Последнее слово, первое слово — слово, то же самое. Забавно — ведь это не более чем совпадение,—что «щека, амил, федра», которыми кончается, приводя, как и у Фрейда, на память МЕНЕ, ТЕКЕЛ, ПЕРЕС, заметка Дюшана, вызывает тот же ряд ассоциаций, что и триметиламин27. Три слова выделяются в заметке с той же загадочной ясностью, которую формула обнаруживает в сновидении. Они возникают у Дюшана как пример, но как пример, взявшийся ниоткуда, образцовый ляпсус, вскрывающий в буквенном номинализме явление символического как такового.

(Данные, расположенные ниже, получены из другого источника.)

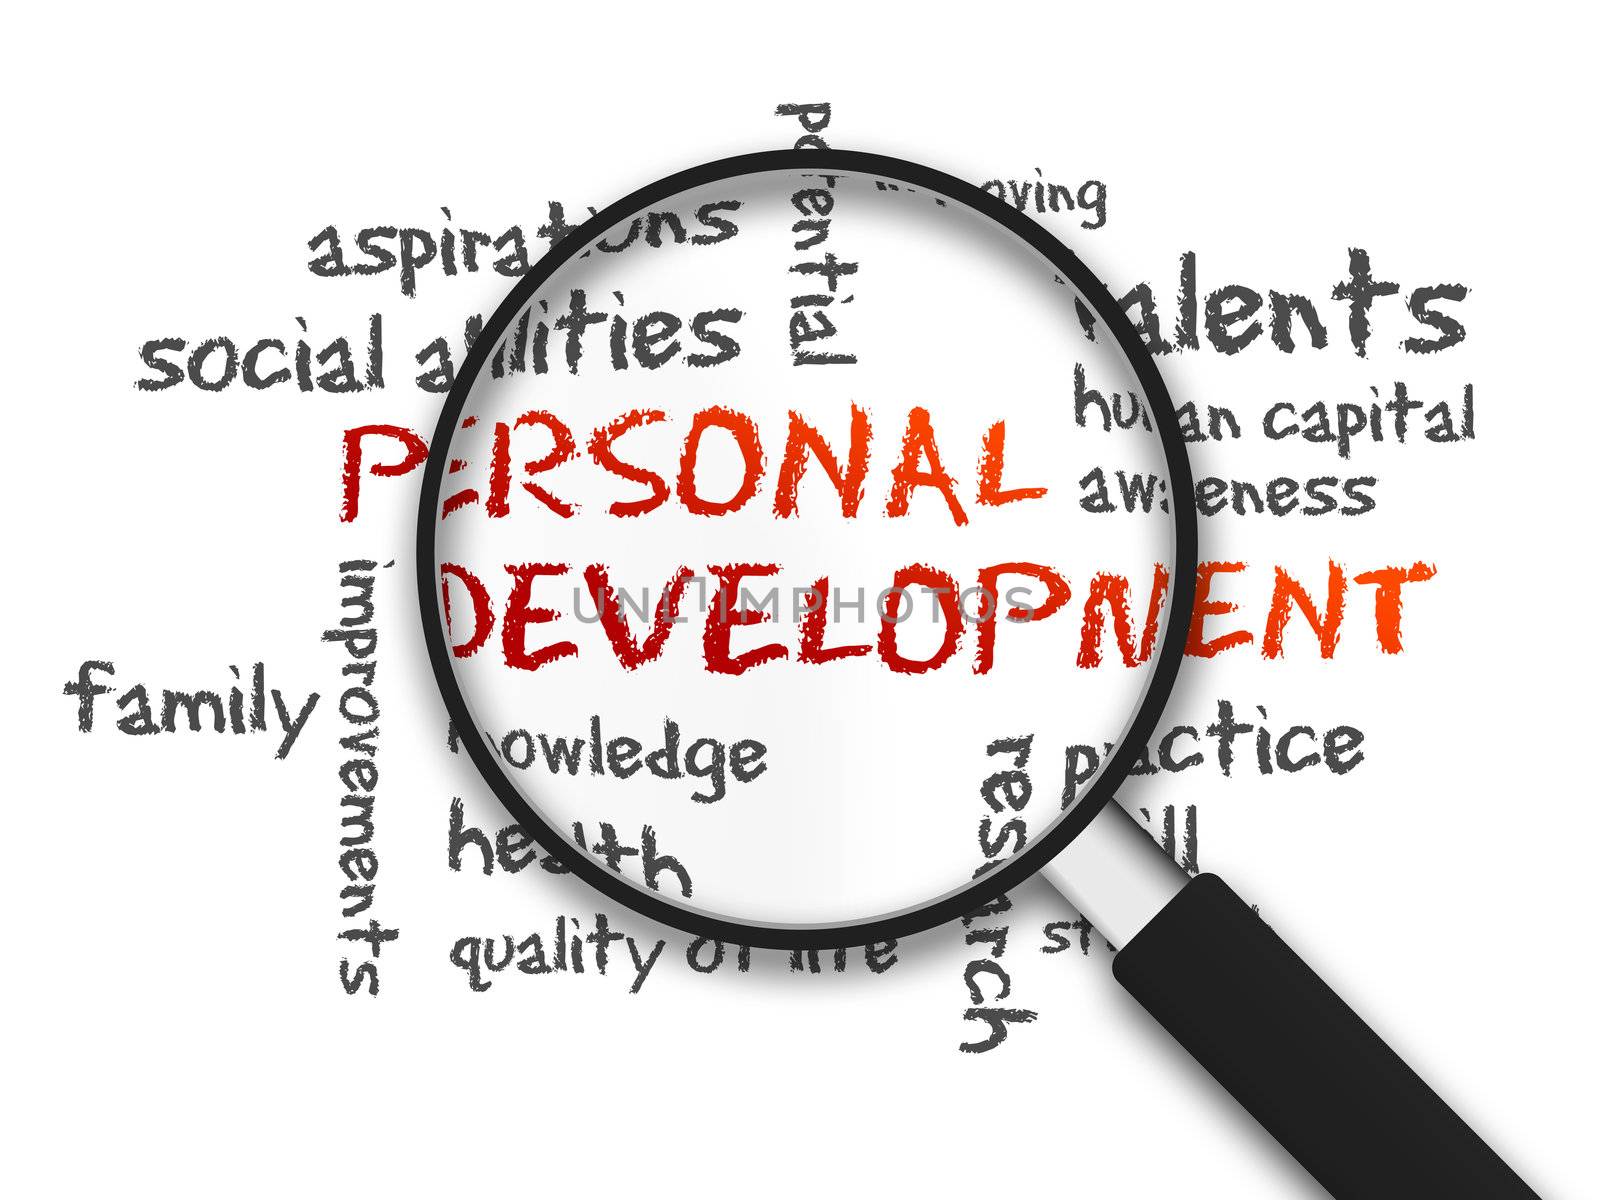 Magnified Personal Development word illustration on white background.

В начале был язык. Нарисованный х или у, высказанный или написанный в каком угодно порядке, он предшествует появлению говорящих субъектов. «Может ли быть высказан звук этого языка? Нет»3. С неотразимой иронией Дюшан отсылает к их же наивности надежды художников, которые, подобно Кандинскому или функционалистам, воображали себя основателями языка, желая в то же время, чтобы их искусство говорило, причем немедленно. Не сложившийся уже субъект основывает язык, в том числе и живописный, а язык формирует субъекта, в том числе и субъекта-живописца. Желание основополагающего языка владело Дюшаном, как и всеми большими художниками его поколения. Но он, возможно, единственный, кому открылось, что «акт основания» заключен не в субъекте, создающем язык, новый и своеобразный, а в языке, создающем субъекта,—незапамятном и всеобщем; что не Я, сосредоточенное на чувстве своей внутренней необходимости, является условием этого «акта», а я, возникающее само собой, ибо его выносит из анонимной глубины язык,— его следствием; что этот «акт» относится к порядку wo Es war, soil Ich werden29, посредством которого «ничей голос» открывает возможность говорить я, то есть возможность разрушения и в то же время творения.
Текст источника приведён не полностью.